GIVEN MATERIAL

----

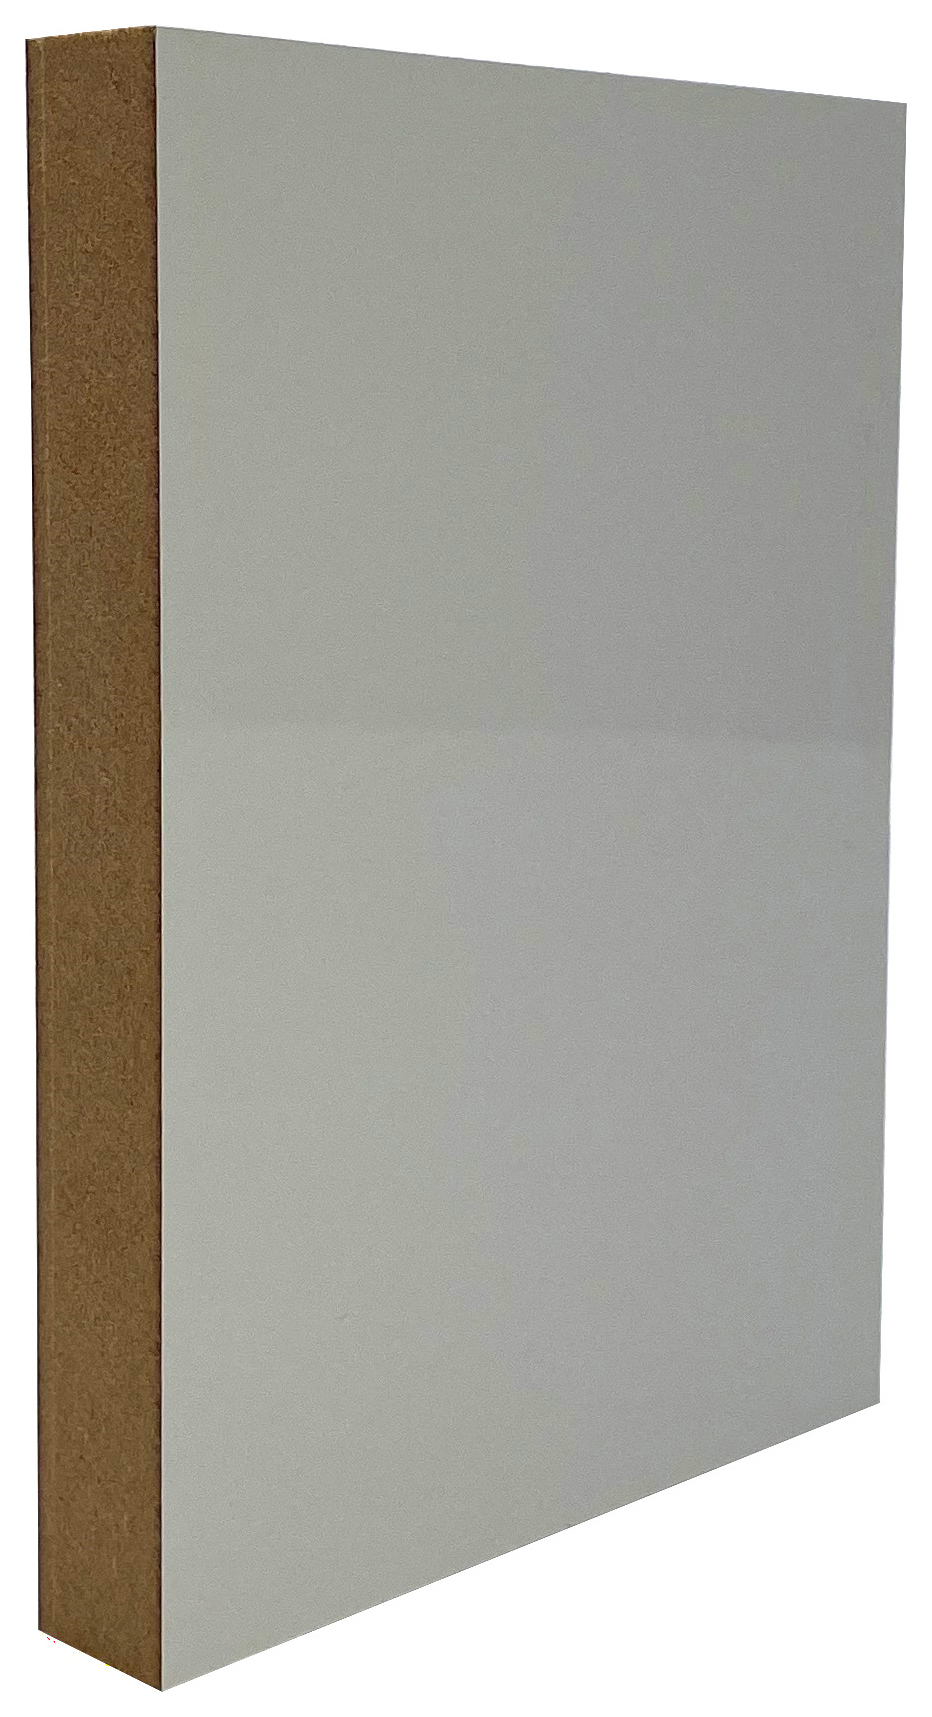 Wickes Orlando/Madison Gloss Grey Colour Block Sample - 148mm x 105mm x 18mm
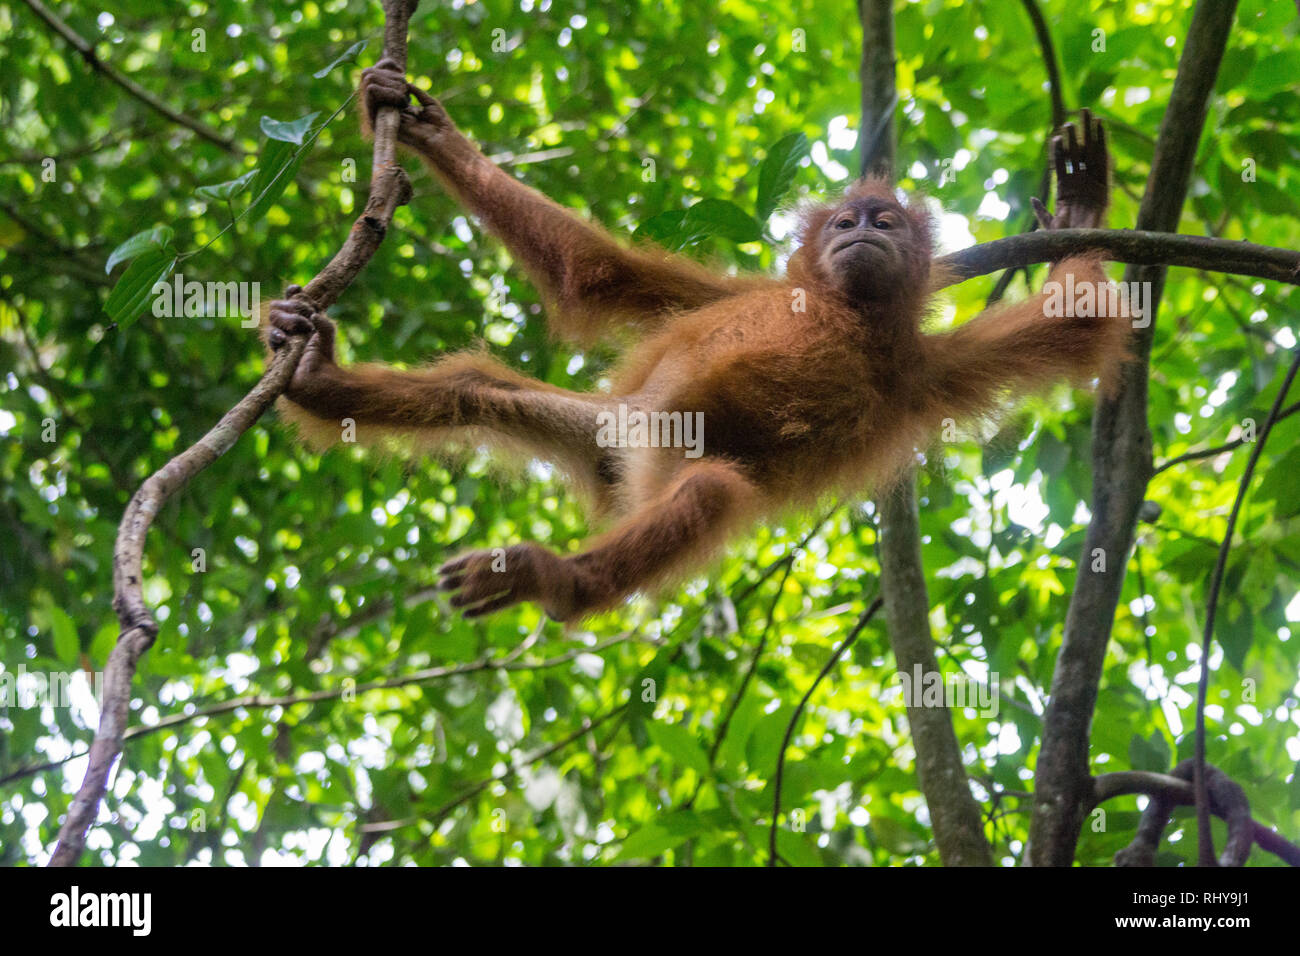 a cute baby orangutan in the Forests of Bukit Lawang on Sumatra Stock Photo
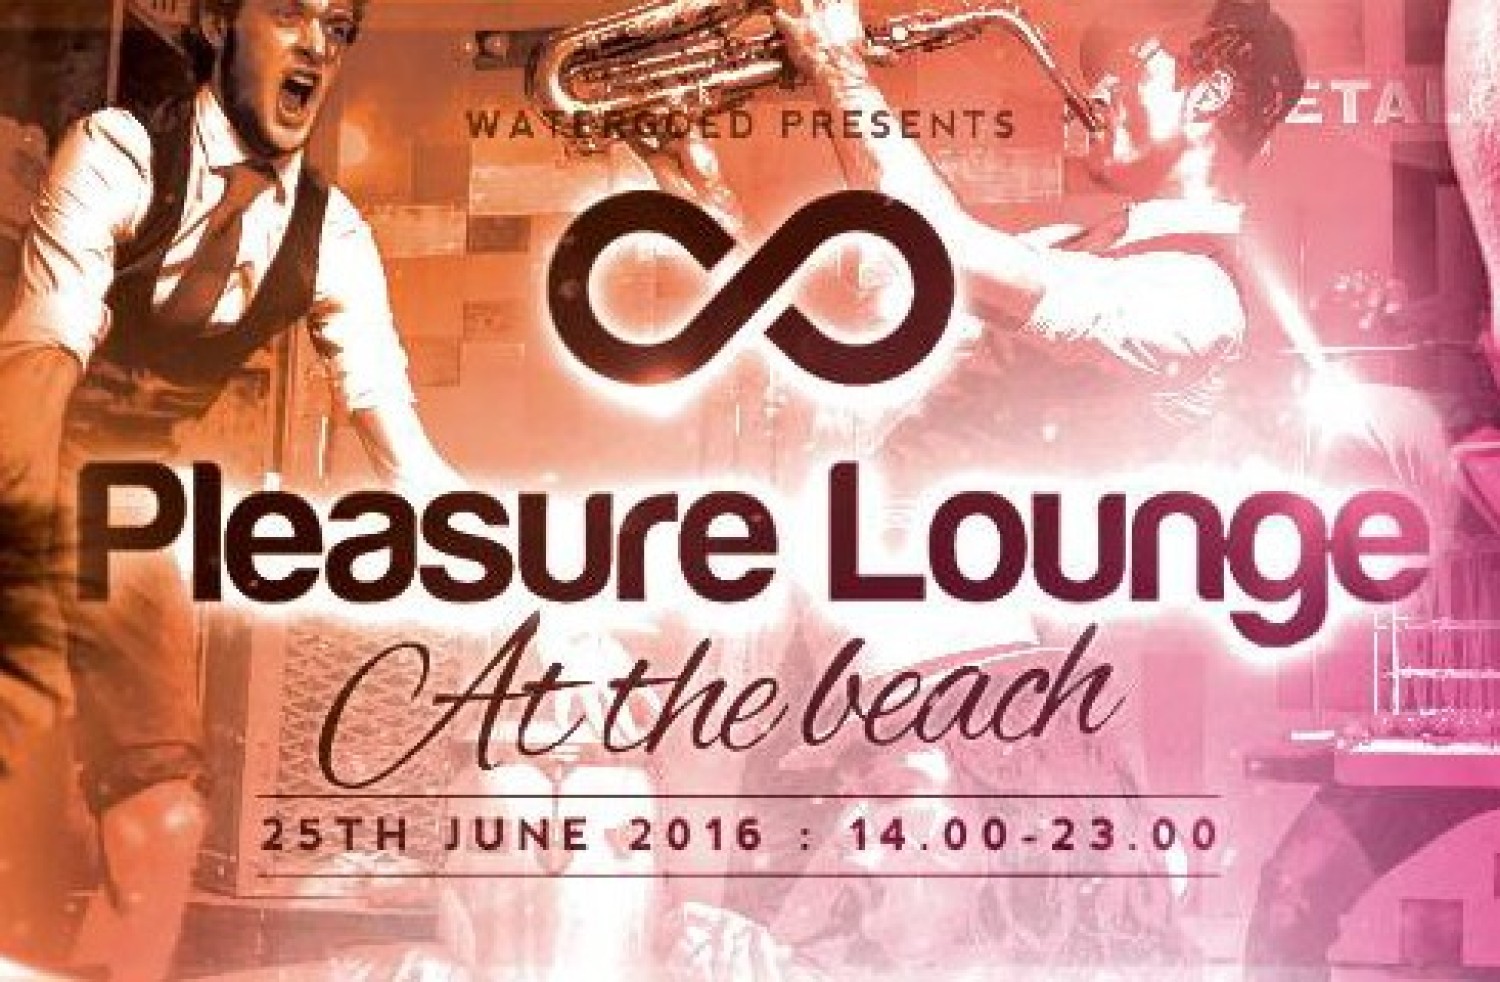 Party report: Pleasure Lounge Outdoor, Lathum (21-05-2016)
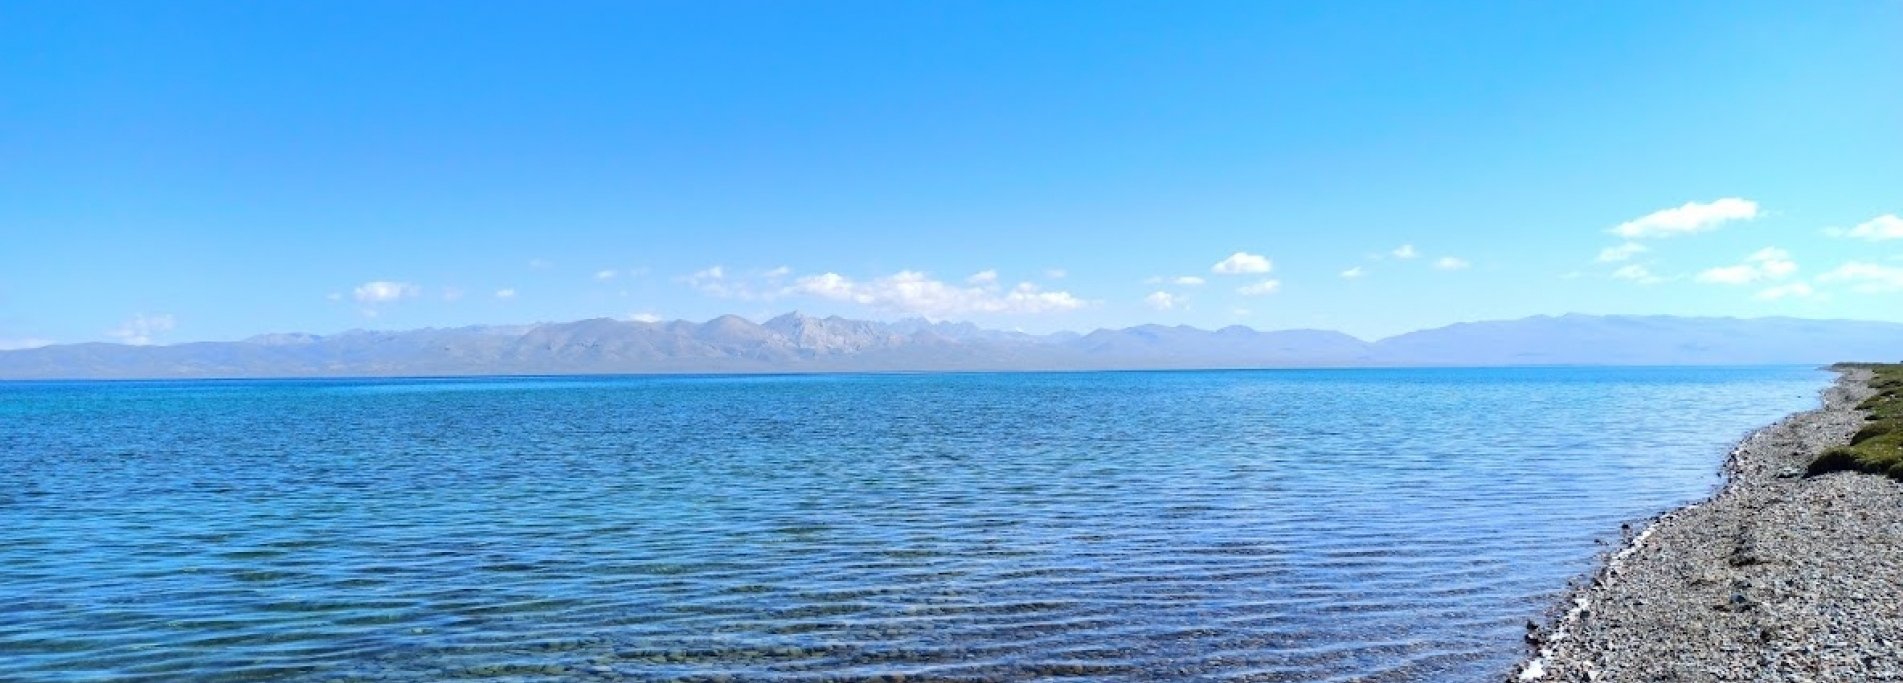 5 days in Kyrgyzstan - Lake Issyk-Kul and Son-Kul

----

AIM OF THE TASK
Given the listing above, return exactly, and only, the lines from the line with "a cute baby" through its final line, both included, with the pictures removed.

OUTPUT BELOW
 a cute baby orangutan in the Forests of Bukit Lawang on Sumatra Stock Photo
 Party report: Pleasure Lounge Outdoor, Lathum (21-05-2016)
 5 days in Kyrgyzstan - Lake Issyk-Kul and Son-Kul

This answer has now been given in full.